Свернув в очередной раз в один из рядов, я различил вдалеке человека с лопатой в руках. Мы подошли к нему довольно близко, и девушка, что привела меня сюда, окликнула его по имени. Он выпрямился, неспеша воткнул лопату в свежий холм и развернулся. Они сдержано поприветствовали друг друга. Она представила его мне как смотрителя кладбища и еще раз повторила его имя. Я коротко кивнул и тоже представился. Смотритель махнул рукой, усмехнулся и сказал, что осведомлен. Присел на новую чугунную оградку и в упор посмотрел на меня. Передо мной зияла свежевырытая могила. К этому зрелищу я отнесся спокойно. Не удивил меня и взгляд смотрителя. Все это выглядело как что-то само собой разумеющееся - кладбищенский сторож, свежая могила, лопата – все в порядке, всё не свих местах. Я полез за сигаретами. Открыл пачку и предложил закурить. Оба покачали головами, и смотритель без выражения заметил, что это пройдет, что это ненадолго. И еще он сказал, что придется подождать до следующего утра, пока не подвернется подходящий вариант, что найдет меня сам. Неспеша встал с оградки, выдернул лопату.
- Знаешь, что там творится?- Он неопределенно мотнул головой в сторону.
Я ответил, что имею представление. Сторож удовлетворенно хрюкнул.
- Только не начинайте без меня, хорошо?- Улыбка сошла с его лица, и он вернулся к работе.
В кармане намечалась серьезная дырка, через которую я ковырял подкладку пальто. Мы вышли на центральный проезд, открывающийся решетчатыми воротами. Левый ботинок тер пятку, правый был перепачкан кладбищенской глиной. Противно ныл желудок - орган, в отличие от головы, все еще близоруко сопротивлявшийся выходу на новый идейный уровень.
Она оказала, что вынуждена покинуть меня на некоторое время, но вечером непременно найдет меня, чтобы подготовить к какой-то церемонии, название которой я не рискну здесь привести, ввиду ее непроизносимости. Попросила не делать глупостей и оставила
меня одного. Я пожал плечами и направился к дому, закурив очередную сигарету. Дойдя до перекрестка, я остановился, пропуская фургон скорой помощи, выворачивавший из переулка. Неожиданно он остановился у меня перед носом, визгнув тормозами. Дверцы распахнулись и из салона выбрались четверо вооруженных людей в черных комбинезонах.

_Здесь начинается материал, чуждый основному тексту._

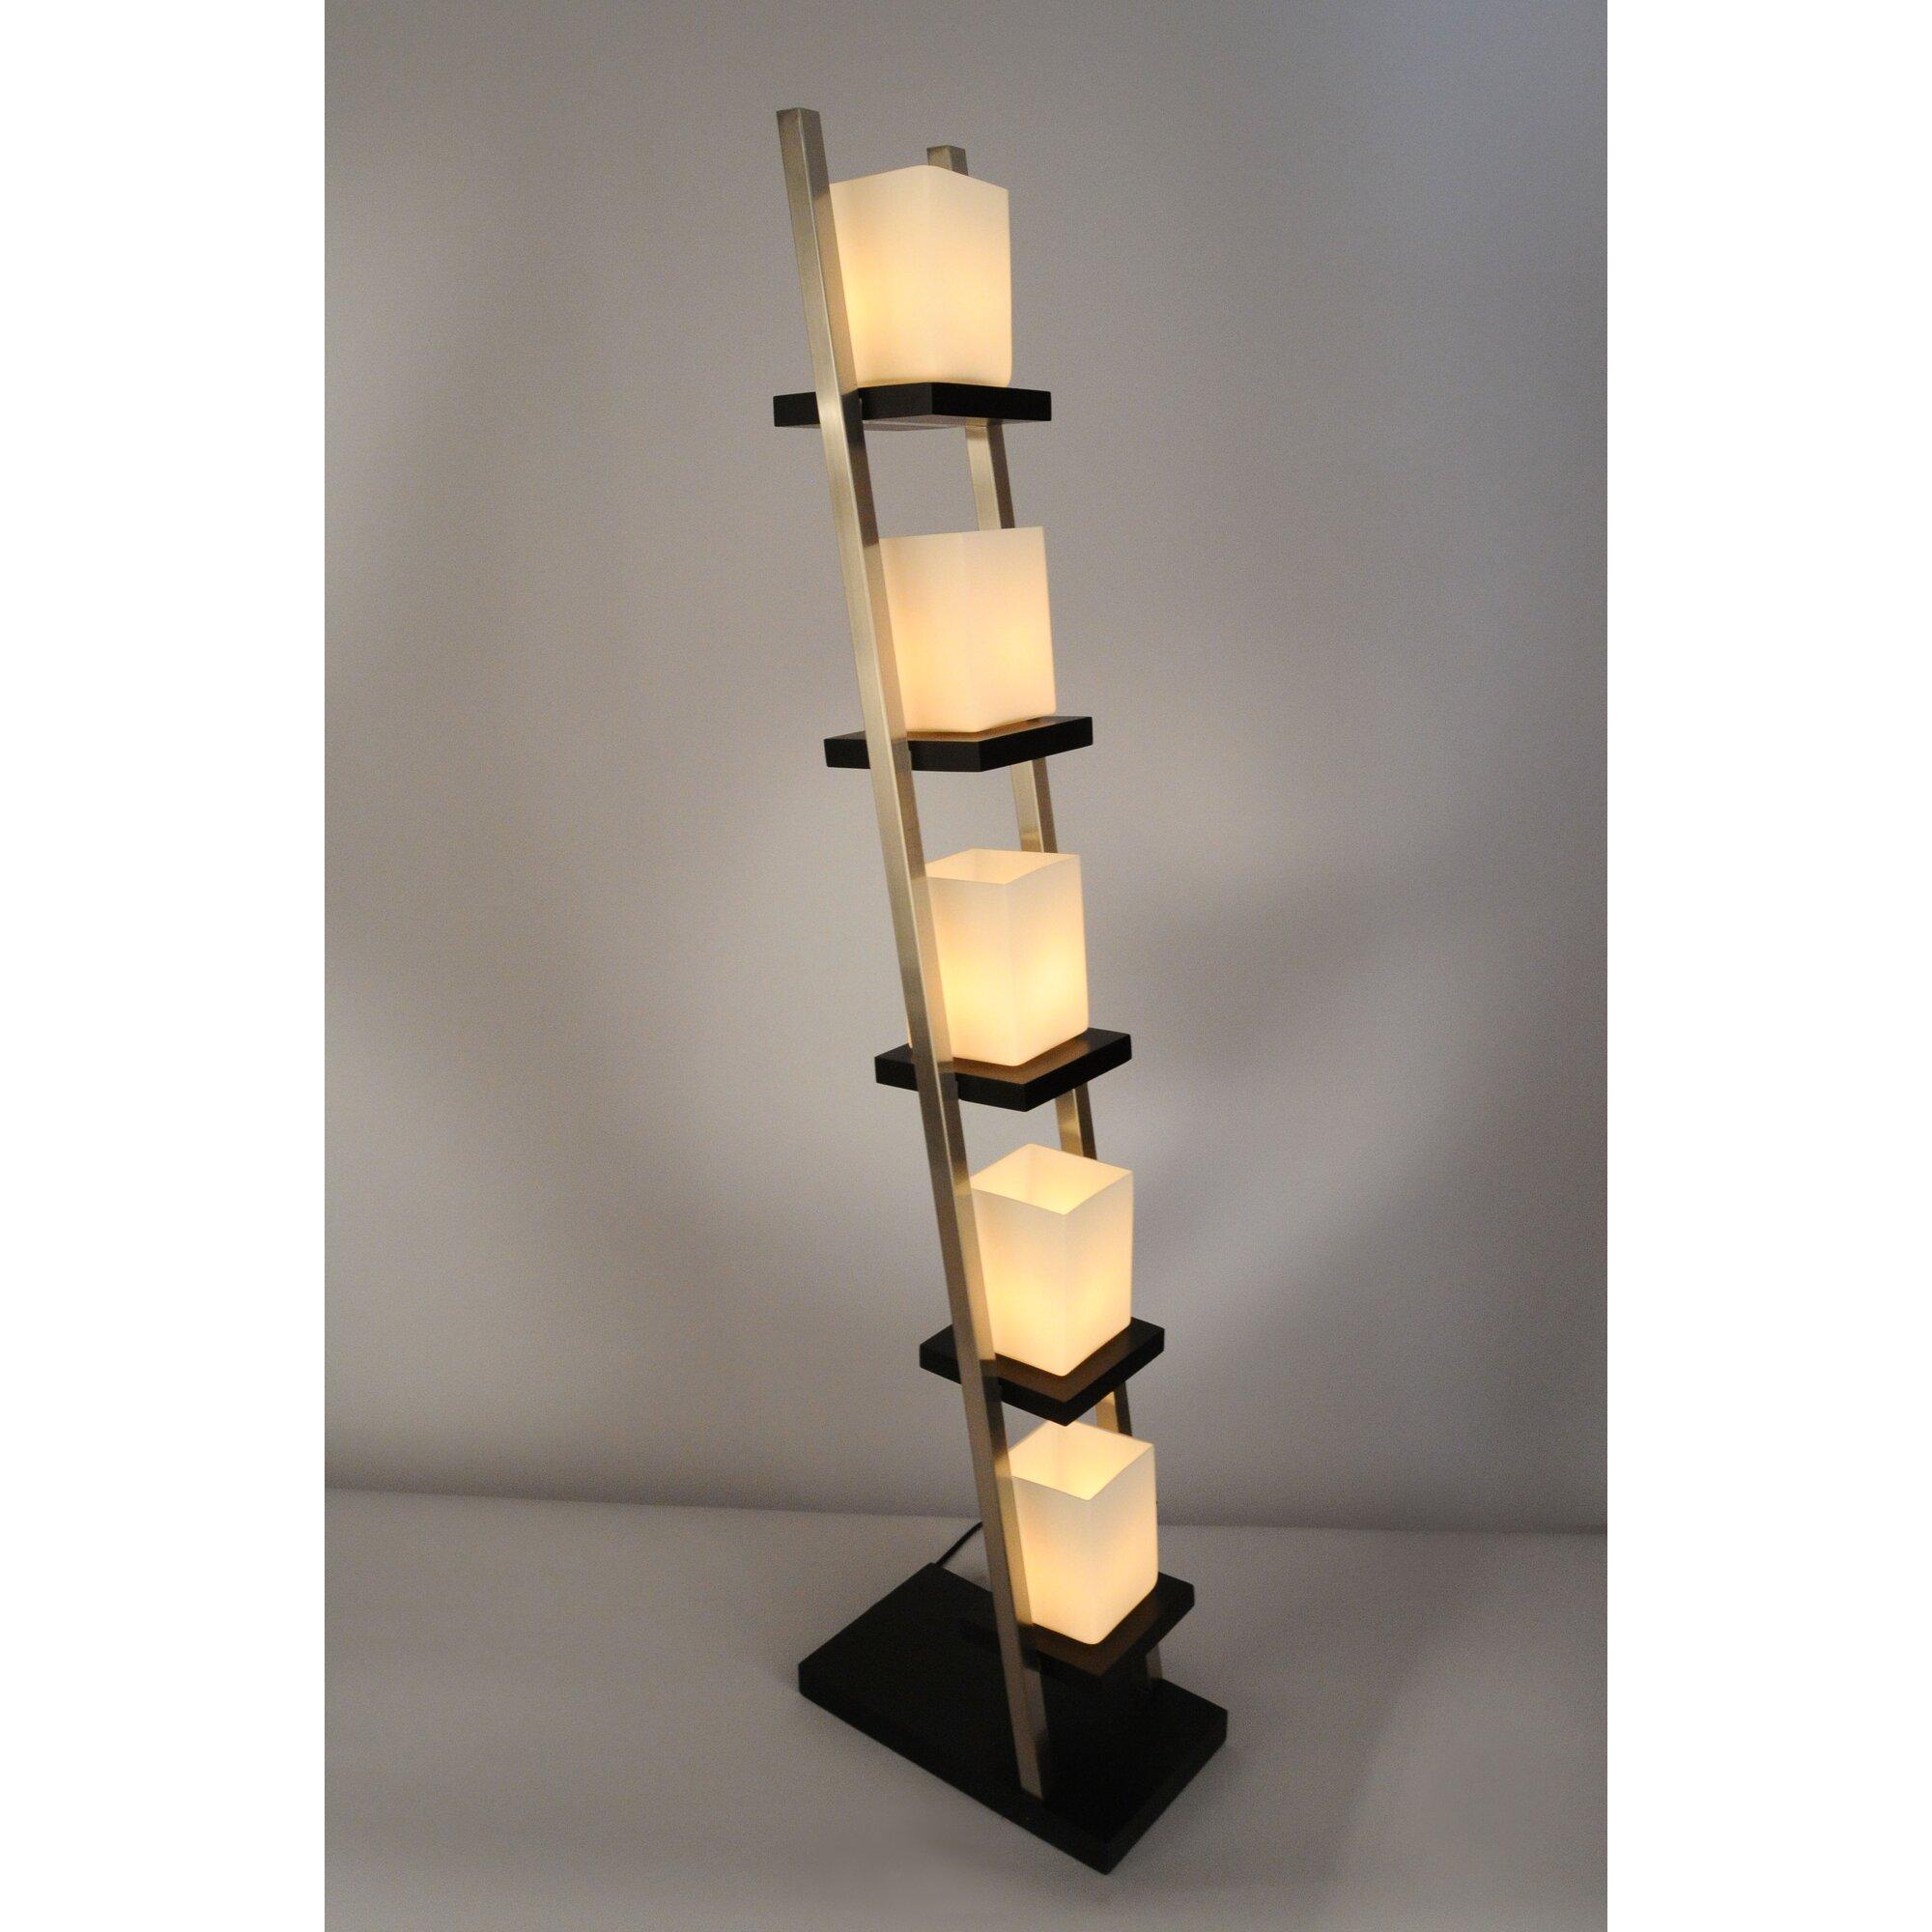 nova of california escalier 61 column floor lamp reviews wayfair. Black Bedroom Furniture Sets. Home Design Ideas

В считанные секунды мои руки оказались скрученными за спиной, охваченные тесными браслетами, сам же я был грубо водворен на заднее сиденье между двумя убедительного вида головорезами. Все мои вопросы и просьбы остались неудовлетворенными - разговаривать со мной в планы ни у кого не входило. Я выругался и, доверившись судьбе, стал молча ждать дальнейшего развития событий. И так, и этак - хуже уже и быть не могло.
Это было четырехэтажное здание школы. Фургон уткнулся в крыльцо центрального входа. В то же мгновение меня рывком выволокли наружу, забрызгав одежду содержимым мутных луж. За строением горели склады. Следом за нами хлопнула дверь, и уже препровождаемый вверх по лестнице, я расслышал четыре разных по мощности взрыва, донесшихся с улицы.
Коридоры были пусты и абсолютно лишены признаков жизни. Пыль и запустение
царили на этажах. Некоторые двери были небрежно, на скорую руку заколочены.
Это успокаивало.
Сопровождали меня под руки, но уже без особого вероломства. С каждой из сторон я чувствовал по надежному плечу. Дверь одной из комнат, некогда служившей учебной аудиторией, была приоткрыта, и меня втолкнули внутрь. За большим столом сидела женщина. С запястий сняли наручники. На плечи легли две тяжелые руки – мне предложили стул.
- Сколько у тебя осталось времени?- женщина заговорила первой.
- Разве это зависит от меня? – услышал я свой голос.
- А от кого, как ты думаешь?.. Поговори со мной!.. – она наклонилась ближе.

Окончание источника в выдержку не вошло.